These seemed much more than just bad dreams. A shrill, blood-curling scream would waken me, breathless, night after night. Rushing to his bedside, I’d find my boy upright, gasping, shivering from head to toe. Often he was covered in sweat. Usually his child-sized finger jabbed the night air, pointing towards something lurking there in the darkness, some unknown horror that defied words or even shapes in the light of day.

No matter what I said to rouse him from this paralysis, my boy remained rigid, shivering, sometimes repeating one or two words, perhaps a phrase over and over. “It’s right there!” he’d shriek hysterically. When I’d press for more details he’d go cold. Never was he able to articulate what exactly he saw, nor how or why this phantom had appeared.

These night terrors happened every few nights for several years, and it was exhausting for us both.

After the first few months of the same scenario happening over and over, I discovered that if I shook my boy awake, gently, he’d eventually stop screaming. Next, he’d begin to cry. This meant he was now awake enough for me to drag him from his bed, lead him by the hand to the bathroom, force down his pajamas and instruct him to pee, after which I’d lead him sleepily back to bed.

Gradually, over time, I became sort of immune to this routine.

Until one night, maybe a year or two into these night terrors, when I led my boy to the bathroom, pulled down his long johns, and saw that even though he was still half asleep and crying, he had a stiff, little woody, so that his penis pointed straight up and out instead of down.

Not having much experience with this albeit normal phenomenon myself, I didn’t think too much about it. I certainly didn’t stand there and contemplate the what if’s. All I knew is that I didn’t want to touch it; normally I wouldn’t hesitate to put my hand down when he started to pee, to direct the urine into the toilet and not all over the seat or floor, say.

But this night I decided to leave things alone. Instead I merely instructed him sternly to pee, over top his crying and trembling. And as I waited for him to start, I leaned back against the shut door, closing my eyes. I felt comatose with exhaustion, fed up with the whole ordeal.
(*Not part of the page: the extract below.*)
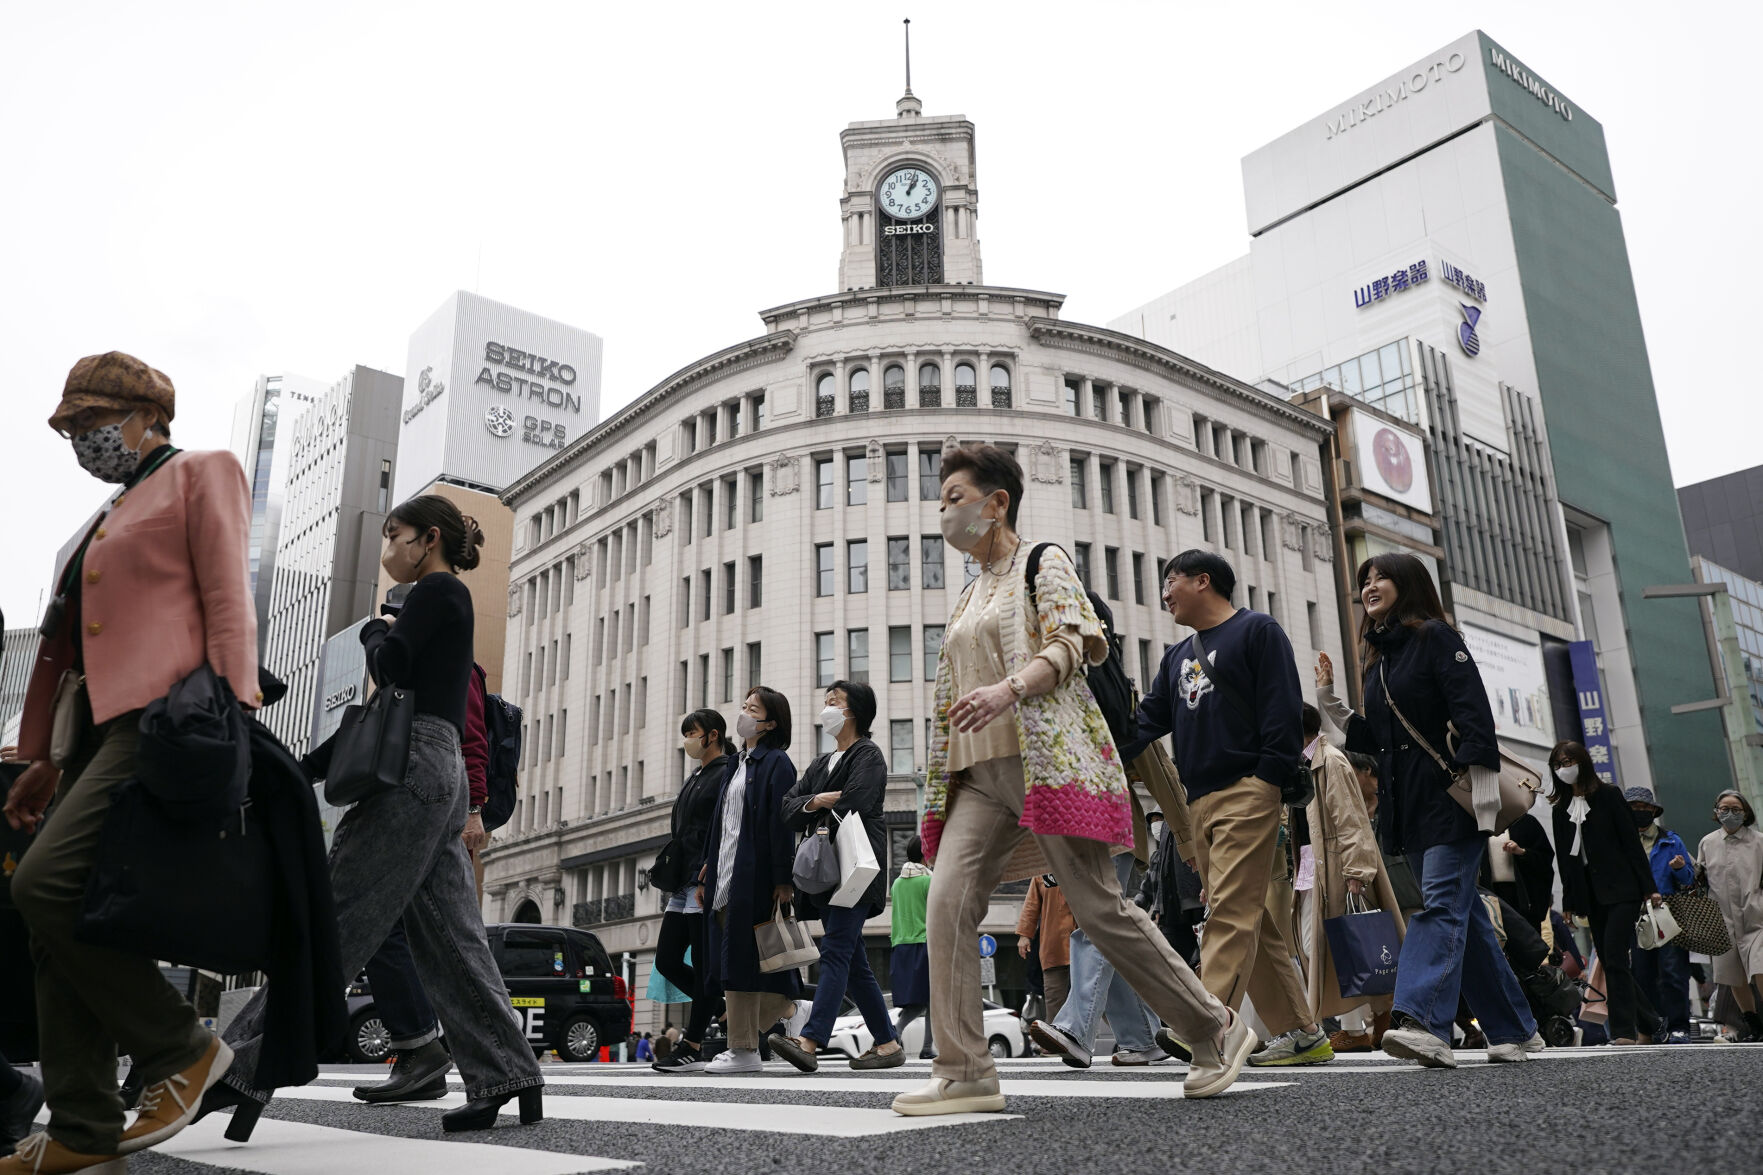 <p>FILE - People walk across a pedestrian crossing in Ginza shopping district on March 31, 2023, in Tokyo. Business sentiment among big Japanese manufacturers improved in July-September for the second straight quarter, according to a central bank survey released Monday, Oct 2. (AP Photo/Eugene Hoshiko, File)</p>   PHOTO CREDIT: Eugene Hoshiko 
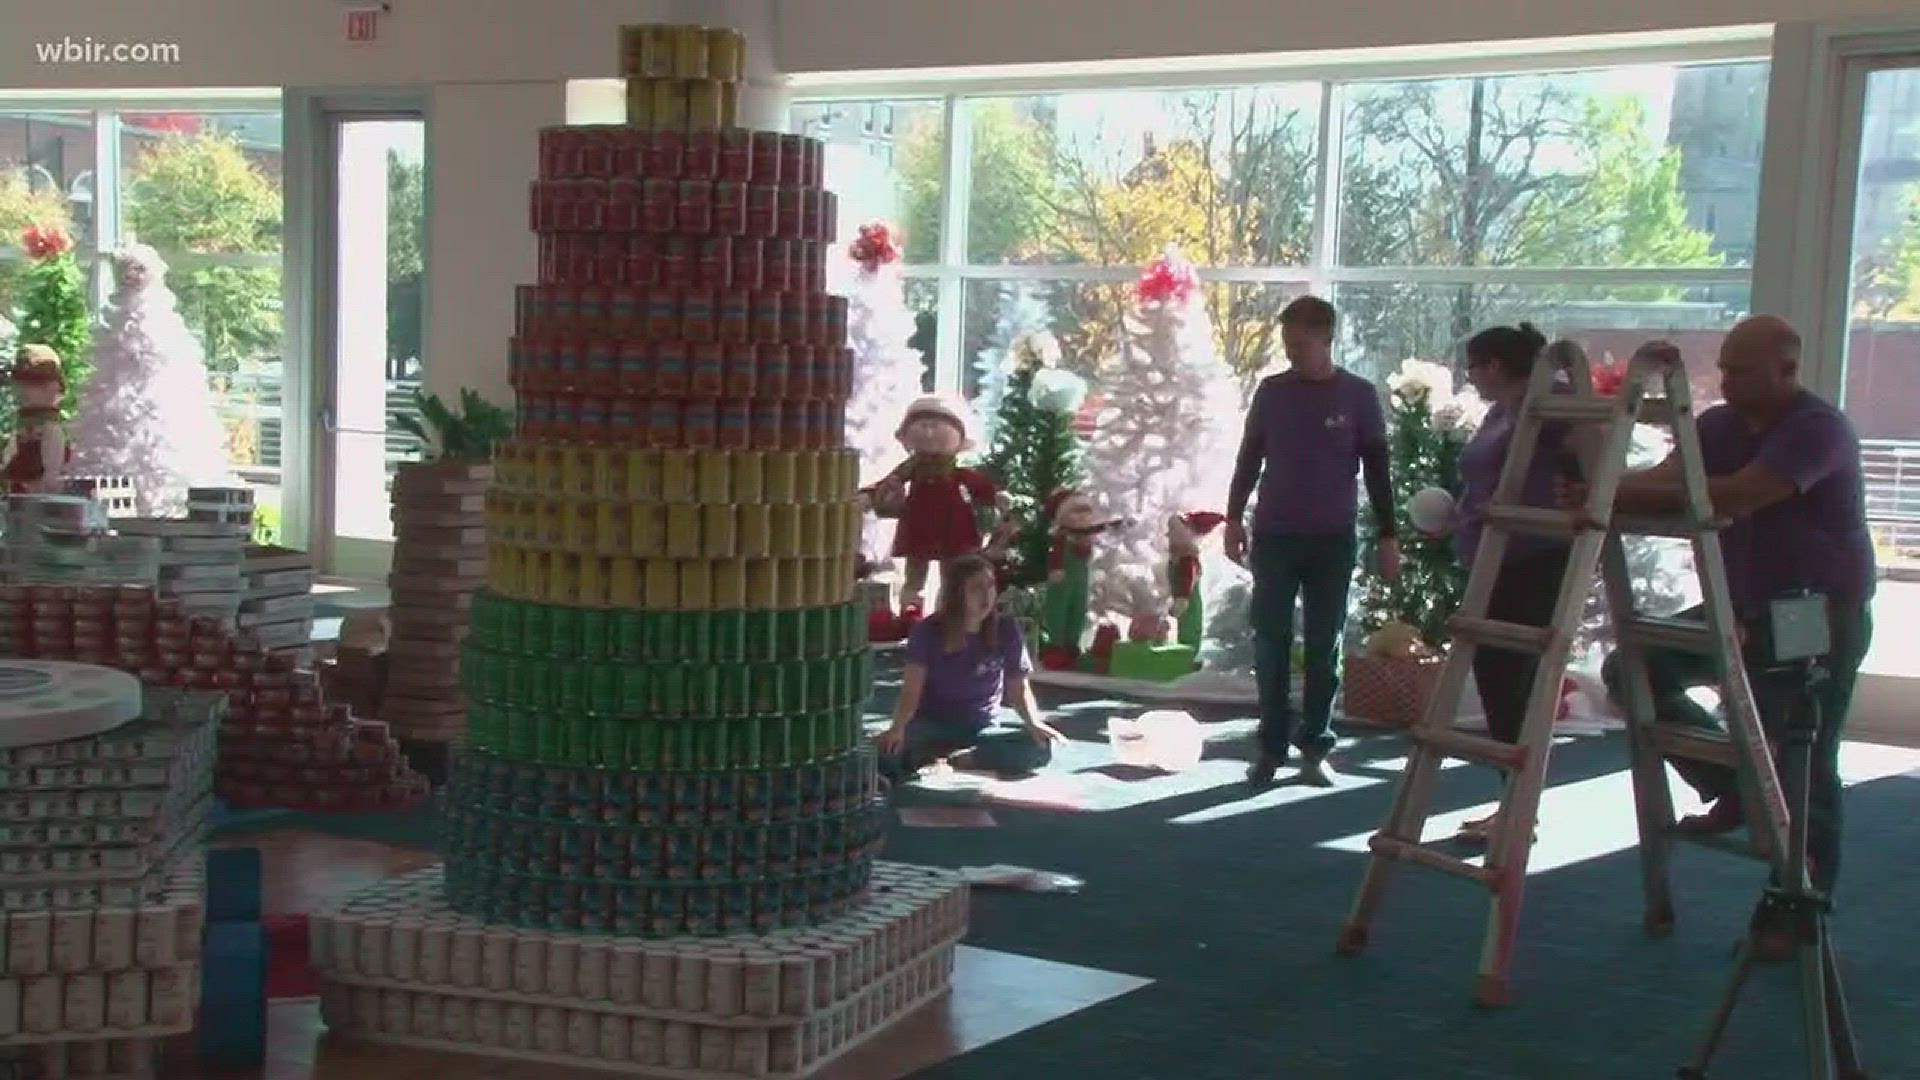 Nov. 20, 2017: The fifth annual Canstruction competition is underway, benefiting Second Harvest Food Bank of East Tennessee.

Then, surprisingly, I felt rainfall. Heard it, too. I opened my eyes to discover pee splattering everywhere in our tiny, L-shaped bathroom. My boys’ erect, little penis was shooting urine straight onto the back toilet wall and up overhead onto the ceiling as he wavered to and fro. The three tightly enclosed walls surrounding the toilet created a sort of ricochet chamber, so that the urine shot up, bounced sideways from one wall to the other, flew clear across to the bathroom sink, even trickled down onto my head.

“Stop! Stop!” I screamed, shoving my hand onto his penis in an effort to aim the urine stream down. No use. Pee merely catapulted straight off the backseat of the toilet, right back into my own boys’ face. Mine, too.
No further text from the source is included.